Wallach’s team also offers Small Undergraduate Research Grants (SURGs), which provide $500–$1,000 to undergraduate students for materials and supplies, and SURG Crosswalk (SURG/CW), which provide additional funding to students who collaborate across departments and create truly interdisciplinary research projects. All SURG and SURF recipients, as well as many other undergraduates, present at Meeting of the Minds, which happens annually at the end of the spring semester.

One of the funders for undergraduate research is Don Stitzenberg (S’63, Life Trustee) and his wife, Peggy. Stitzenberg became friends with the late Barbara Lazarus, who founded the undergraduate research program at Carnegie Mellon. The couple was enthused with her efforts and directed their funding to help her and her team.

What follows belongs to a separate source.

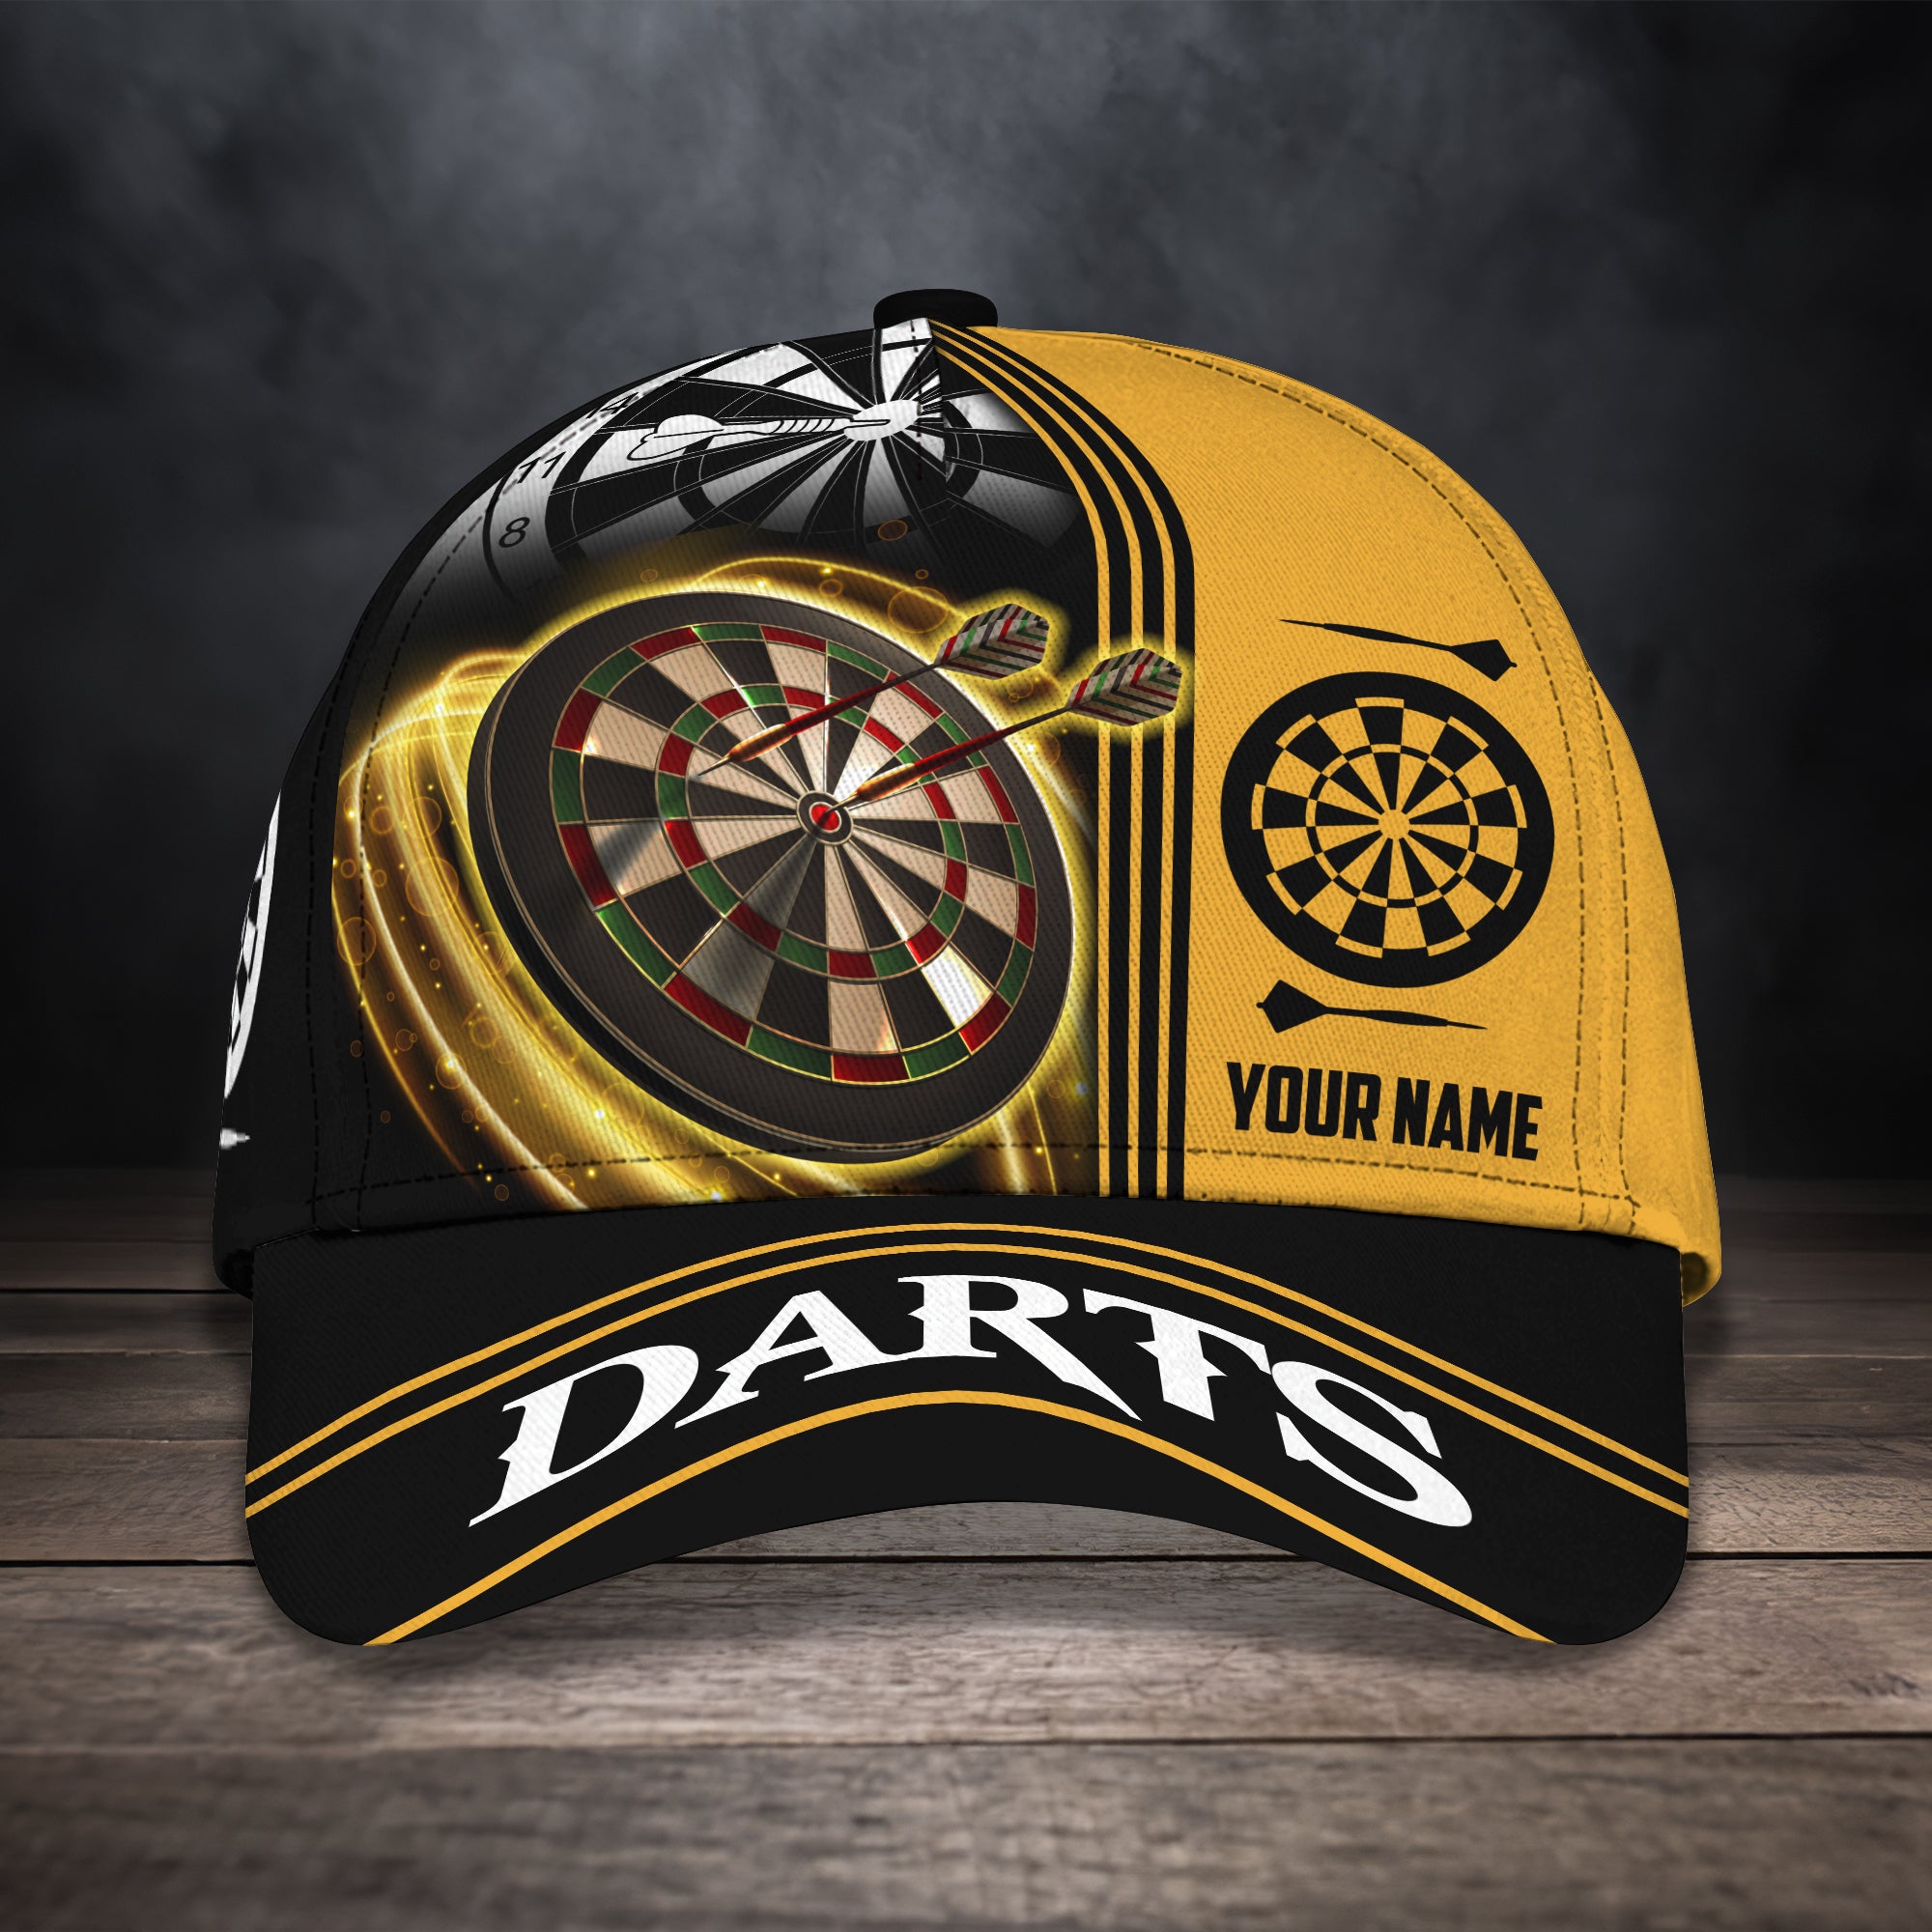 Darts 22 - Personalized Name Cap - Hadn

Since then, the Stitzenbergs have received many thank-you notes from SURG and SURF students in all fields supported through funds from their endowed account. Peggy insists on saving all of the notes, because she’s convinced that some of these students will become famous. She’s not far off—in 2009, PigPen Theatre received a SURG grant and presented at Meeting of the Minds about their idea of creating a theater experience that integrates lighting effects, audience interaction, and live music. Since then, they regularly tour the country, have produced their plays Off-Broadway, and have even given a TedX talk. The New Yorker has reviewed the troupe, stating that “it’s like watching child geniuses at play.”

V12n2 Unknown MinThe Stitzenbergs visited Meeting of the Minds a few years ago. Peggy listened with interest as a student launched into a description of her research. Neither of the Stitzenbergs had any idea what the student was talking about—but they didn’t mind, they were just excited by her passion. “The fact that we didn’t understand anything didn’t bother her at all; she was enthusiastic and continued to explain her work,” recalls Don.

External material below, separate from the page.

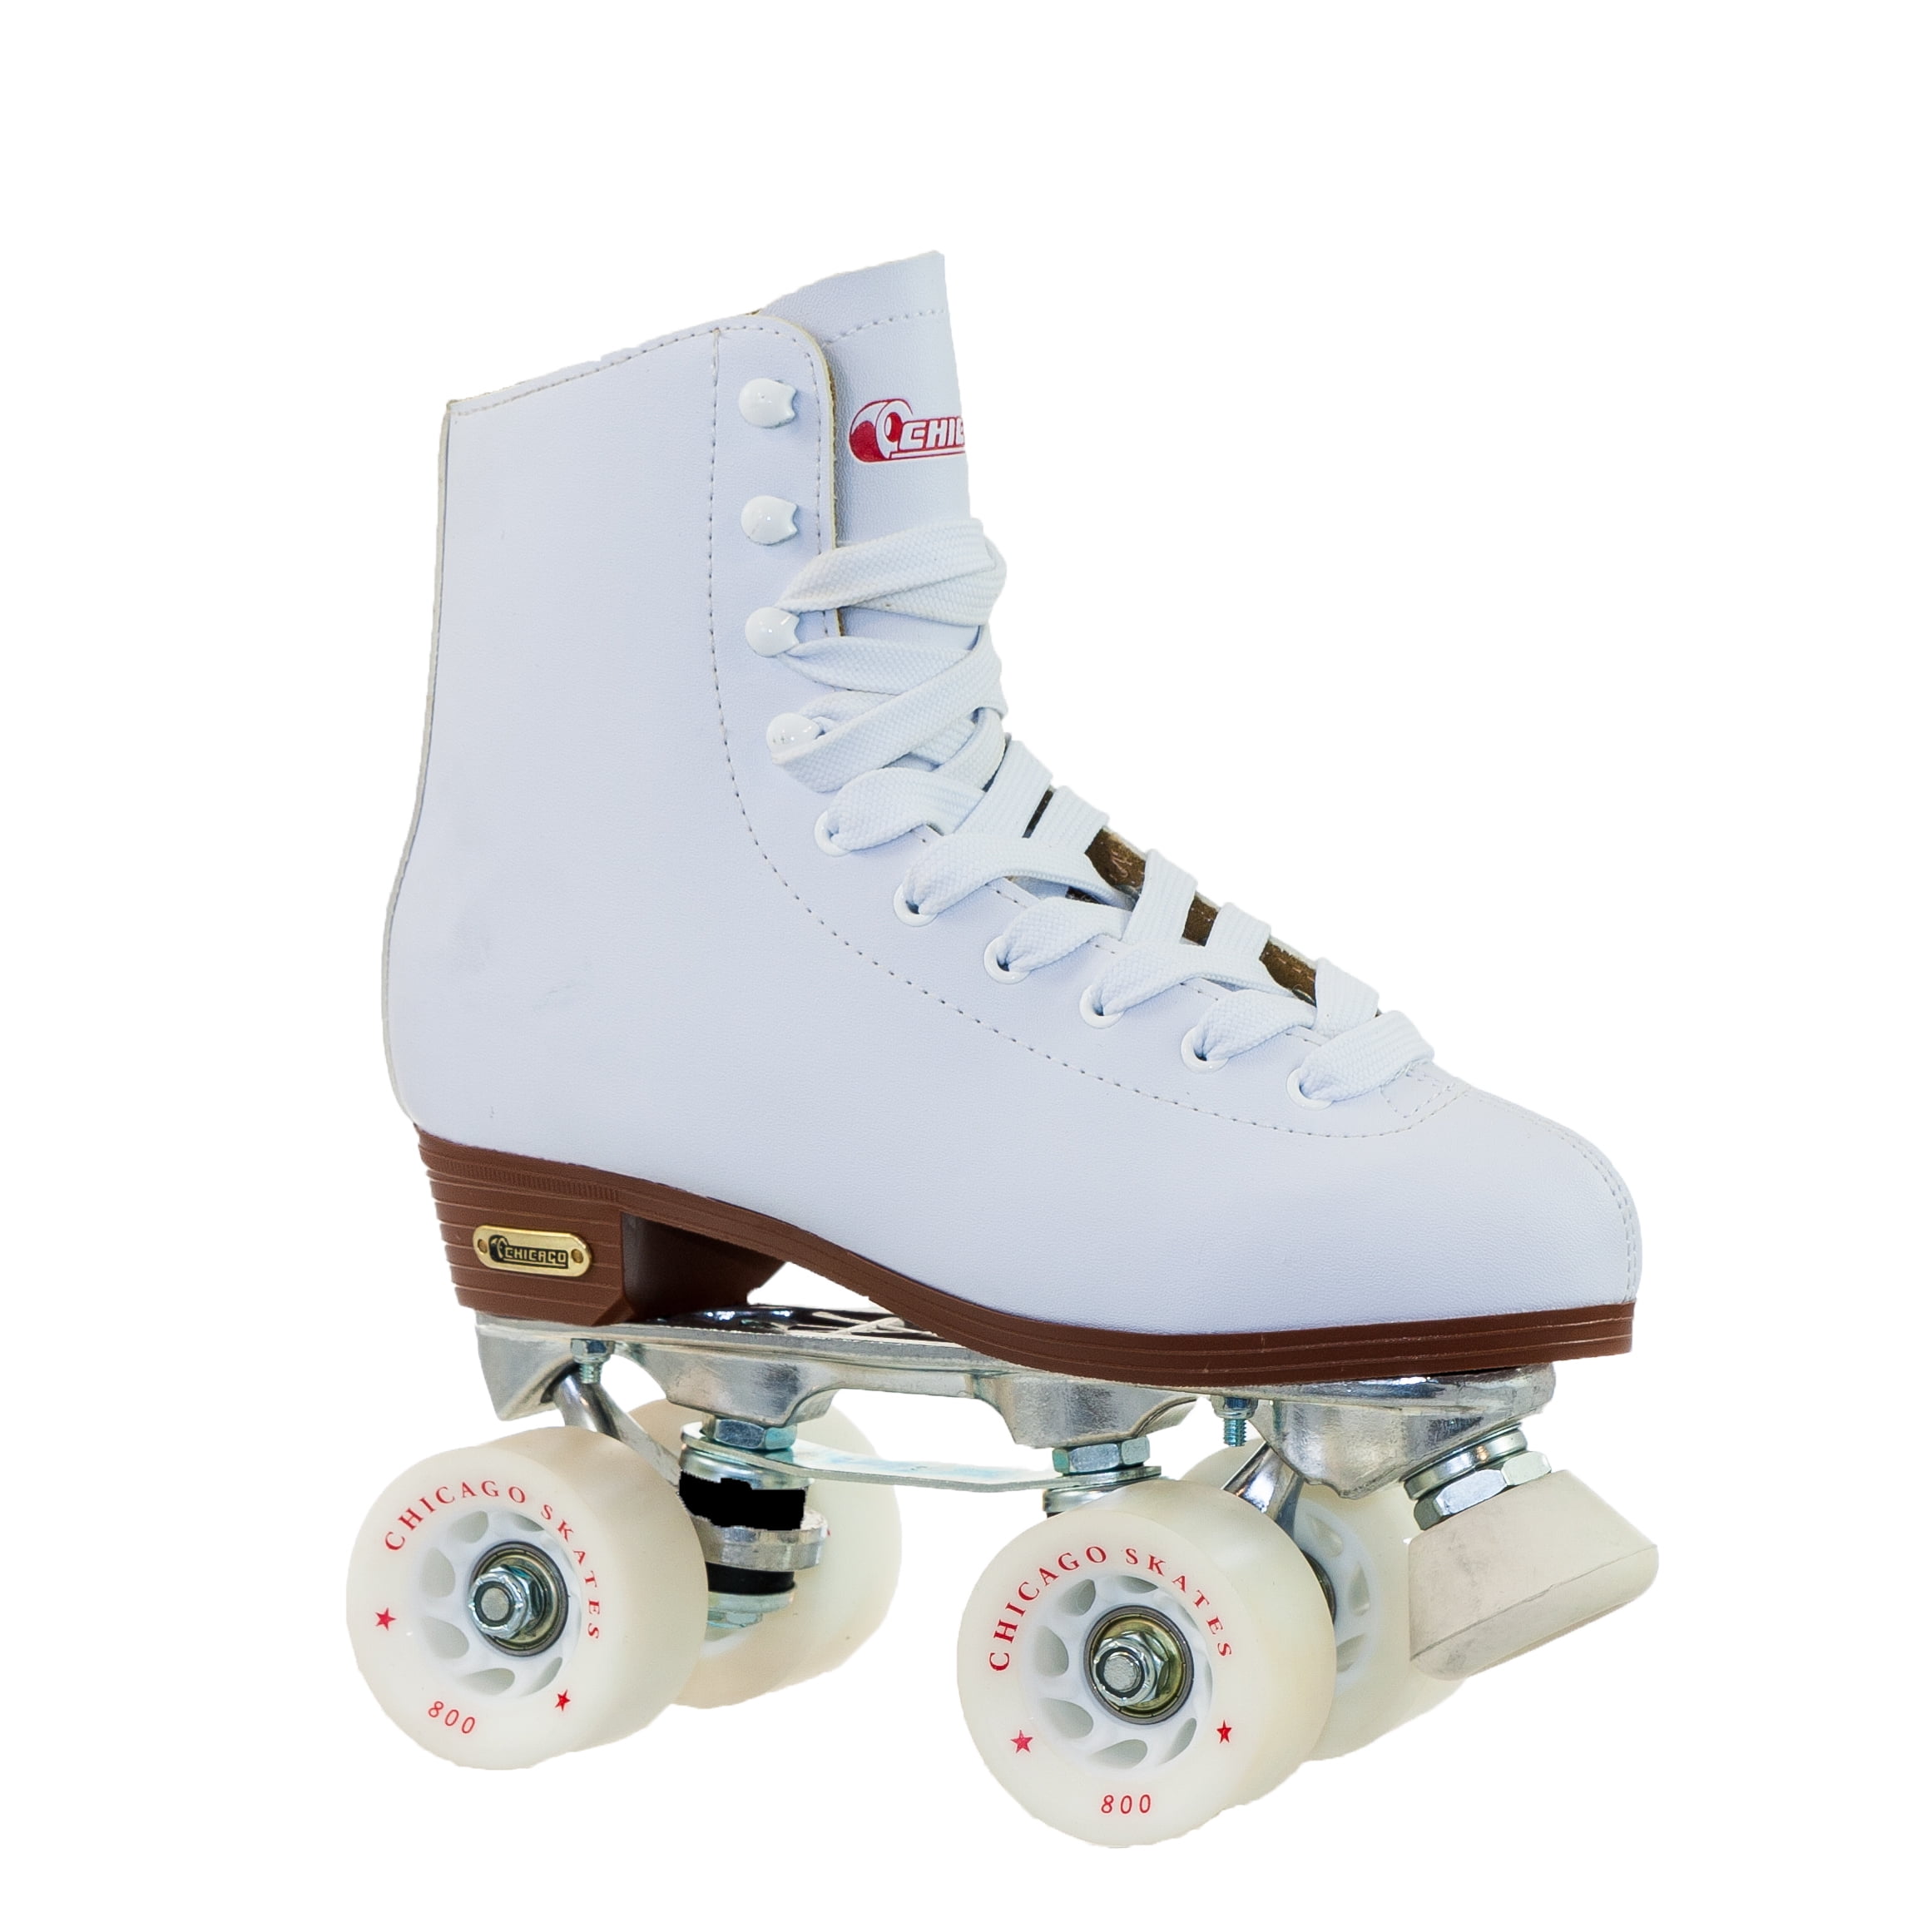 Epic Classic White and Pink Quad Roller Skates - Walmart.com

The diversity of undergraduate research that Wallach’s office oversees represents everything from psychology to engineering to the arts. There are scientific poster sessions, plans for robotic wheelchairs, PowerPoint presentations, poetry readings, and short films side by side.

“What’s ideal about this particular kind of research symposium,” says Wallach, “is that you get a peek into Carnegie Mellon’s living room. There are so many nooks and crannies and wonderful things happening across campus, but there isn’t a map that lets you get there easily. This allows you an up close and personal look—an insider’s view—into our campus and its creativity that you can’t get anywhere else.”

For Botnick, the race to finish is on. Last fall and winter, she had to edit the scenes that would bring her script to life. The soundtrack also needed to be added. Before filming began, she had commissioned Alex Petti (CMU’15) to compose the music. The two had discussed her script—she described each scene, the movements of the choreography, and sometimes she demonstrated moves. He sent her samples based on her input, and she was thrilled with what he created. During filming, they used tracks created by Petti on his computer. For the final edits, though, a group of CMU music students had recorded Petti’s compositions, which had to be added to the film’s final version.

Somehow everything got done, and Botnick joins her peers at the Meeting of the Minds on May 6th, presenting “Still Burning,” her finished dance narrative film. Viewers see Girl, the female lead, capture the heart of Ethan, the male lead. Throughout the film, as they move into deeper stages of their relationship, Girl struggles to truly love Ethan.

“It explores themes of love, fear, human fragility, and strength,” Botnick says. After the film’s May 6 premiere at the Meeting of the Minds symposium in the Cohon University Center, she plans to submit her work to a few film festivals and perhaps upload it online for potential viewing by an international audience.

The process didn’t just bring a dream to life for her—it showed her the career path that she wants to be on. She’s applying for graduate school at CMU’s Heinz College for an MA in Entertainment Industry Management, as she ultimately wants to move to Los Angeles and continue working on dance narrative films, making them more commercially viable.

“Dance films are definitely the dream,” she says.